Position : TVA

Redressements de TVA : le Spiil confiant dans les arguments juridiques de ses adhérents

Paris, le 5 novembre 2015. - Le Syndicat de la presse indépendante d’Information en ligne (Spiil) apprend simultanément la décision de mise en recouvrement par l’administration fiscale des sommes importantes qu’elle réclame à Indigo Publications et Mediapart et le rejet par le Tribunal Administratif de Paris du recours d’Arrêt sur Images
 
Le Spiil est confiant dans les arguments juridiques développés depuis plusieurs années par lui-même et les trois éditeurs concernés.
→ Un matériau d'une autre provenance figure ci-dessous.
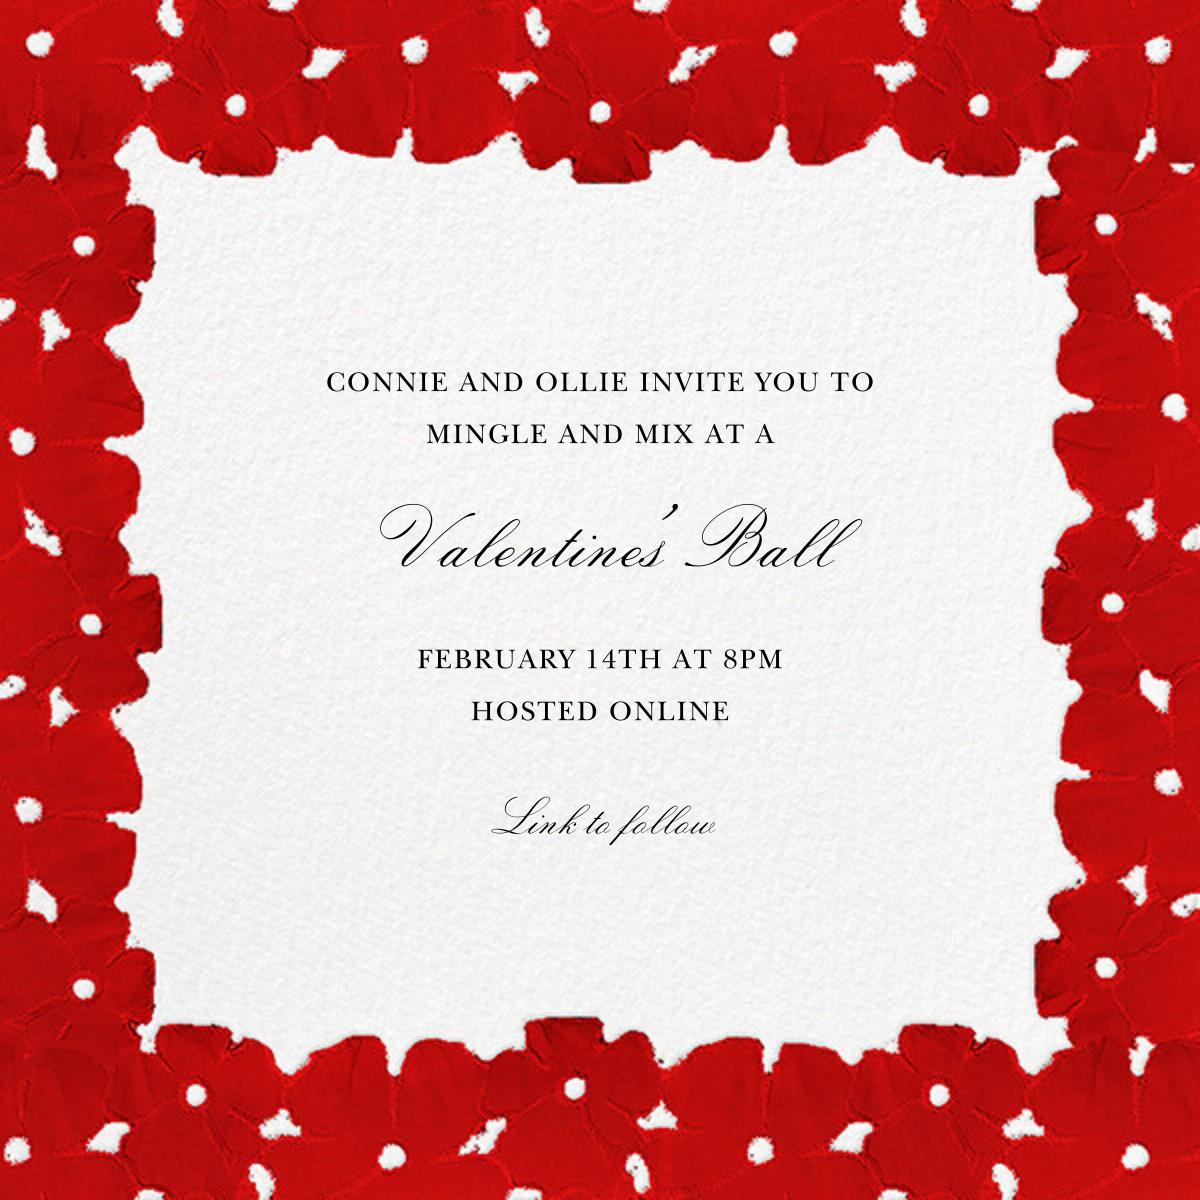 Painted Blooms - Crimson - Oscar de la Renta - Valentine's Day

Le Spiil et ses adhérents qui ont accepté de prendre le risque de contester la position de l’administration fiscale l’ont fait sur la base d’un argumentaire juridique solide. À aucun moment, ils ne sauraient s’être mis « hors-la-loi », comme l’accusation leur en a parfois été faite. 
 
Sur le fond, les éditeurs faisaient face, jusqu’en février 2014, à une incohérence du droit français. En effet, depuis le vote de la loi du 1er août 1986, et a fortiori depuis la loi du 12 juin 2009, la presse en ligne est soumise au droit de la presse, comme la presse imprimée. Mais, jusqu'en février 2014, le législateur n'en avait pas tiré les conséquences en droit fiscal, qui était donc en contradiction avec le principe de neutralité fiscale.
 
Sur la méthode, le Spiil regrette que les arguments avancés par les contribuables incriminés n’aient pas reçu de réponses de l’administration. Celle-ci les a rejetés sans réel débat contradictoire et en contradiction avec la charte du contribuable, qui stipule pourtant que « la réponse du vérificateur aux observations du contribuable doit être motivée et complète ». 
 
Le Spiil dénonce l’opacité des décisions prises. La procédure est manifestement pilotée par de hauts fonctionnaires de la Direction générale des finances publiques qui imposent aux brigades locales de contrôle leurs décisions. Ces hauts fonctionnaires restent anonymes, alors que l’anonymat des agents publics est levé depuis un décret de 1983.
 
Le Spiil s’insurge contre la décision de l’administration fiscale d’appliquer à Indigo Publications et Mediapart une pénalité pour « manquement délibéré » de 40 %. Il faut rappeler que l’application à partir de 2011 du taux de TVA de la presse imprimée (2,10 %) à la presse numérique correspond à une décision défendue et assumée en toute transparence par le Spiil, qui en a informé officiellement les différentes administrations ainsi que les pouvoirs politiques qui se sont succédé, et a fait plusieurs déclarations publiques à ce sujet. 
 
Si, tout juste deux mois après la notification des contrôles à Mediapart et Indigo Publications, par voie d’huissier, la veille de Noël 2013, le Parlement, à l’unanimité de ses représentants, a décidé de légiférer pour qu’à compter du 1er février 2014, la TVA de 2,10 % s’applique aussi à la presse numérique, c’est bien que la position adoptée jusque-là par l’administration fiscale était juridiquement fragile, et qu’il était devenu urgent pour la représentation nationale de trancher la question en mettant fin à un débat juridique qui durait depuis plusieurs années.
 
Faut-il souligner que ce vote unanime a « libéré », non seulement les acteurs de la presse numérique, mais aussi la totalité de la presse imprimée. Celle-ci a depuis augmenté massivement ses investissements dans des développements numériques et a largement basculé d’un modèle en ligne gratuit basé sur la seule publicité à un modèle payant. 
 
Le Spiil regrette que, malgré la manifestation très claire de la volonté du législateur, l’administration fiscale ait décidé de poursuivre un combat d’arrière-garde — il n’existe plus d’enjeu pour l’avenir — en sanctionnant lourdement des éditeurs innovants et courageux, qui ont « osé » remettre en cause un dogme administratif désuet, au bénéfice de la liberté de l’information et du pluralisme de la presse, dans son ensemble.
 
La position de la DGFiP est d’autant plus saugrenue, qu’au même moment, la loi de février 2014 qui aligne les taux de TVA de la presse imprimée et de la presse numérique est attaquée par la Commission européenne. Or, pour se défendre, le gouvernement français avance exactement les mêmes arguments de droit que ceux que le Spiil et ses adhérents opposent à la DGFiP, notamment les principes de neutralité fiscale et de neutralité technologique.
 
Ainsi qu’il l’avait fait dans une lettre ouverte au président François Hollande le 26 février 2013, le Spiil rappelle qu’il s’associera aux recours que ses adhérents feront devant les juridictions compétentes : tribunal administratif, Conseil constitutionnel, Cour de justice de l’Union européenne (CJUE).